That's my theory on it too (and I'm pretty sure the rescues, but don't want to put words in their mouth and they haven't come out and said it yet). As of right now I'm hoping for even a few days to spoil her... she's turned her nose up at everything today with no interest and if she doesn't eat supper I don't think all the love and care in the world would be kind.


----------



## Amaryllis (Dec 28, 2011)

SDRRanger said:


> That's my theory on it too (and I'm pretty sure the rescues, but don't want to put words in their mouth and they haven't come out and said it yet). As of right now I'm hoping for even a few days to spoil her... she's turned her nose up at everything today with no interest and if she doesn't eat supper I don't think all the love and care in the world would be kind.


At least she likes the cuddles. Sorry, I'm crying at my desk at work. And thinking there aren't enough middle fingers in the world to describe how I feel about whoever let her get that bad and then abandoned her.


----------



## SDRRanger (May 2, 2013)

Amaryllis said:


> At least she likes the cuddles. Sorry, I'm crying at my desk at work. And thinking there aren't enough middle fingers in the world to describe how I feel about whoever let her get that bad and then abandoned her.


You're the second person I've done that to (although the other person was actually standing at a bus stop surrounded by people). I keep trying to tell myself not to jump to conclusions about her previous owner (we had another one come in recently that was dumped from a truck IN TRAFFIC and almost hit by the person who brought her to the rescue in QC) but it's hard when she has so many things wrong with her and just looking at her you know she needed care. 

Hopefully I will have a brighter update later tonight.


----------



## SDRRanger (May 2, 2013)

Last night Zoe, Ruby and I all slept in the spare room and I woke up to them cuddling beside me.

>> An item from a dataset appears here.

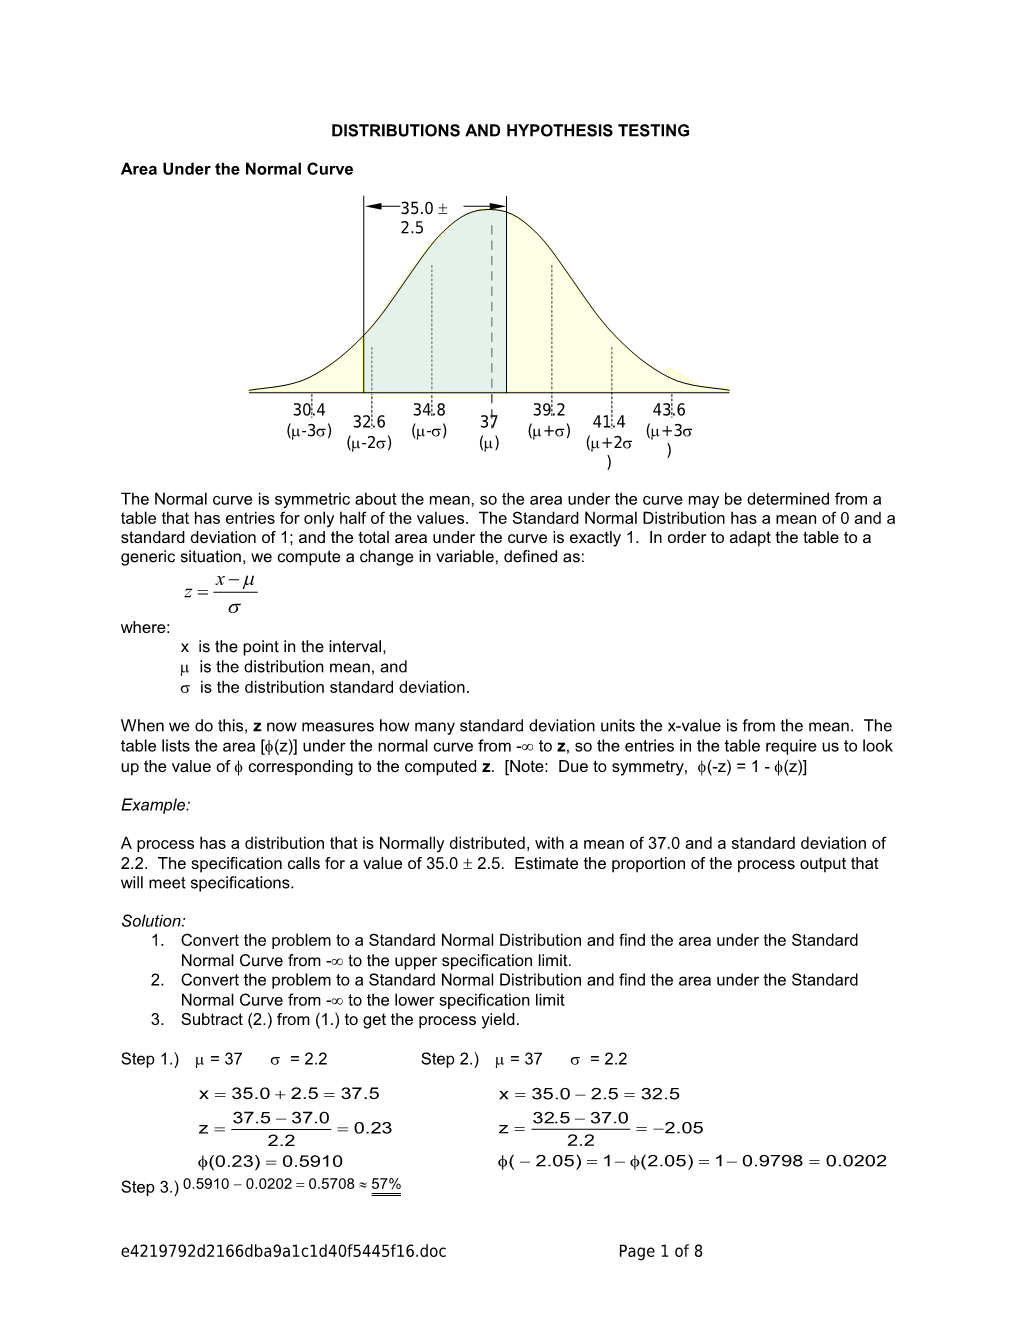 Distributions and Hypothesis Testing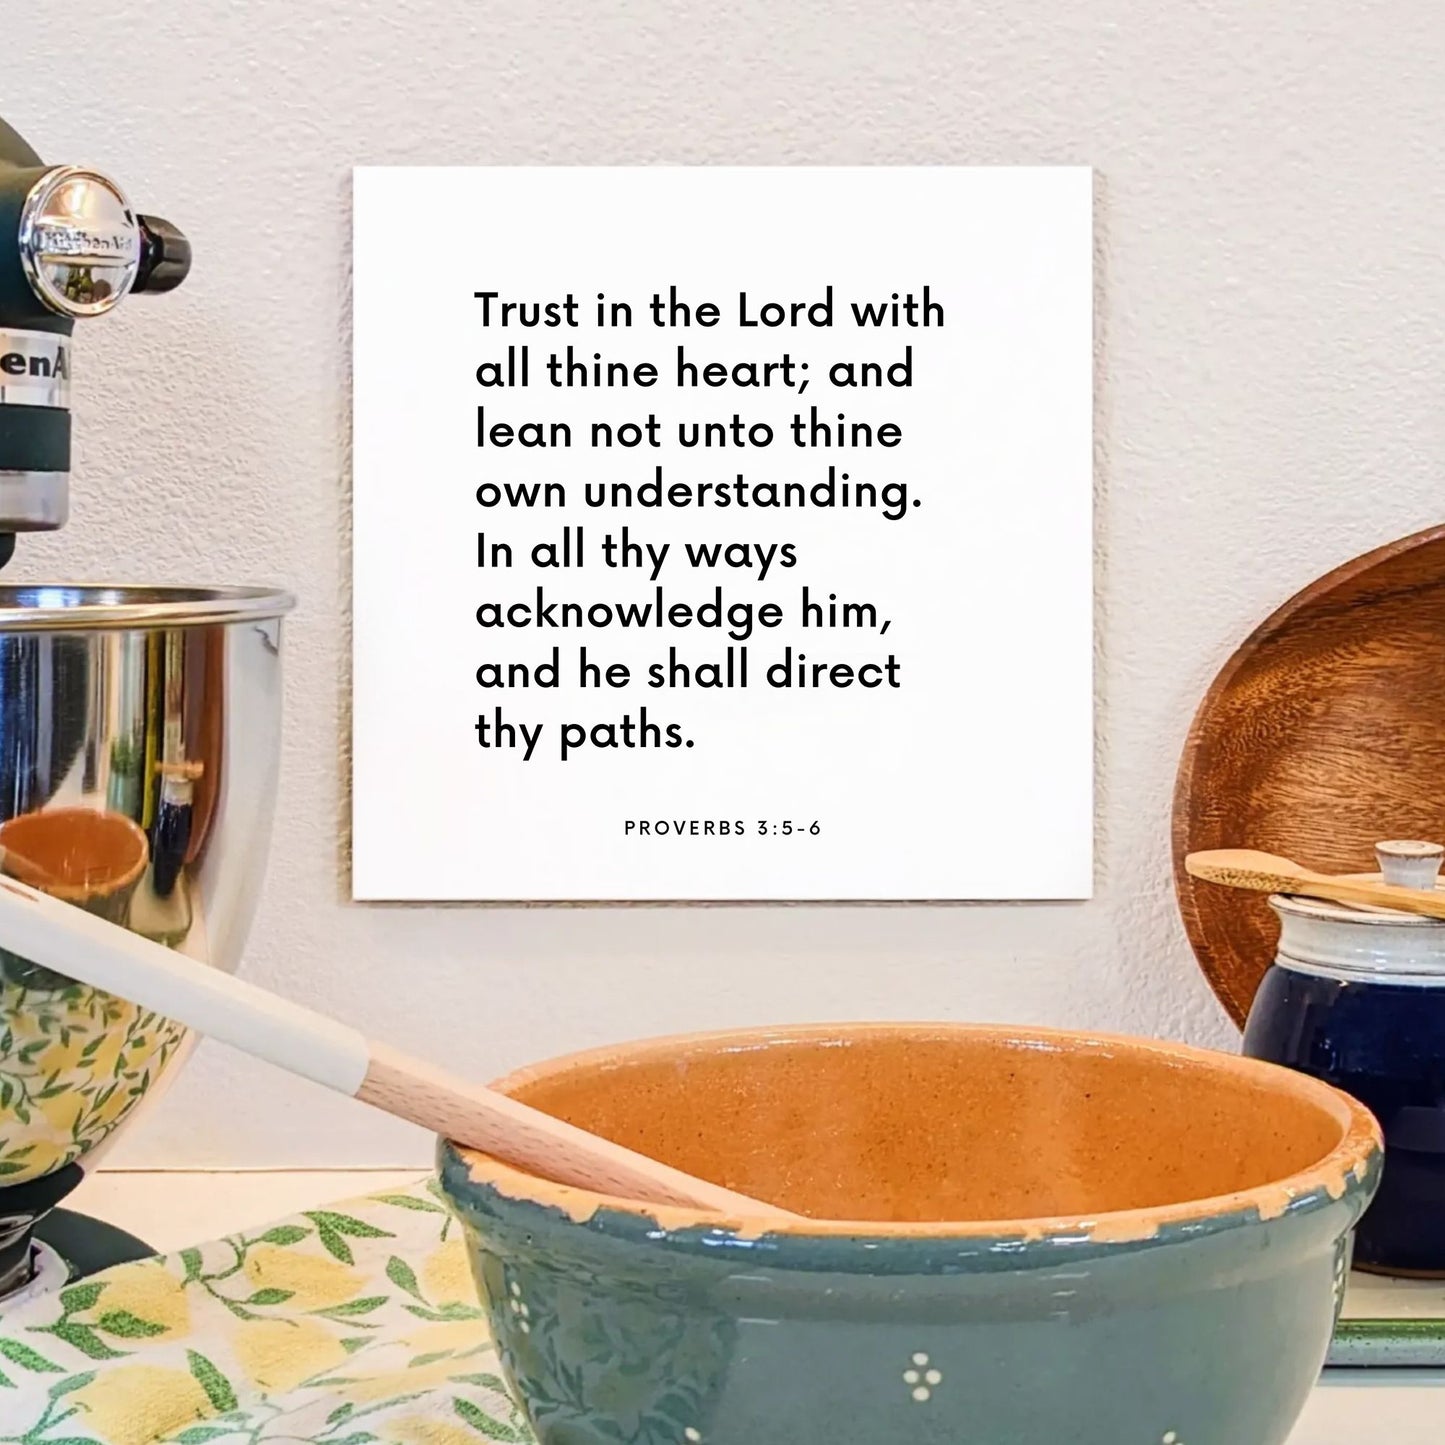 Kitchen mouting of the scripture tile for Proverbs 3:5-6 - "Trust in the Lord with all thine heart"

Zoe seemed brighter and even got up and wanted to go for a pee. Crossed my fingers and mixed up some gruel which she dove right into! Also had a drink and then we headed off to the vet to see what was up. 










No fever, and her bloodwork came back surprisingly well for such a sick little girl. Decided that since she wants to fight we'll give her a chance. Home with IV fluids (including dextrose and newcells) with atbs to be adminstered via IV line at 6pm, midnight, and 6am. She's also allowed as much food and water as she wants by mouth. 9am is her next appointment where we will do an xray of her head to see what we're up against and then another discussion as to pros/cons. Then we'll go from there. 










She ate when we got back and then I rehooked her IV and settled her into her temp hospital ward in the kitchen right beside me. I swear I am going to go cross eyed from checking drip rate. 

On a personal note I am now battling a HUGE headache (which is trying its best to turn into a migraine) which is sleep deprivation, excess coffee, and/or stress related. Crammed some pills down my throat and once I have Ruby's stuff together for her drop off (another one of the rescue team is going to do it so I don't have to leave Zoe) I think I am going to settled back and watch some dog videos.


----------



## Amaryllis (Dec 28, 2011)

No matter how this turns out, it's so wonderful that she's rallying a little. That says to me that she's loving all the kindness and attention she's finally getting and wants to stick around to get as much as she can.


----------



## Kayota (Aug 14, 2009)

God I love this little dog. Lots of pics please! I want to rescue an old dog so much. I'm glad she's doing well for the circumstance. As for her owner... There's just no excuse to let a dog get in that condition.


----------



## ireth0 (Feb 11, 2013)

She is a very sweet little girl. <3
Alert and aware, which I count as good. When I was watching her I went into the other room and she got up to follow me.


----------



## SDRRanger (May 2, 2013)

Last night we had to pop over to emergency to have her line redone (blocked). She was pretty alert though, and once we got home she settled in with her IV hanging from the curtain rod and I had a night over checking lines, administering meds, and many pee breaks. She's very hydrated at this point haha. 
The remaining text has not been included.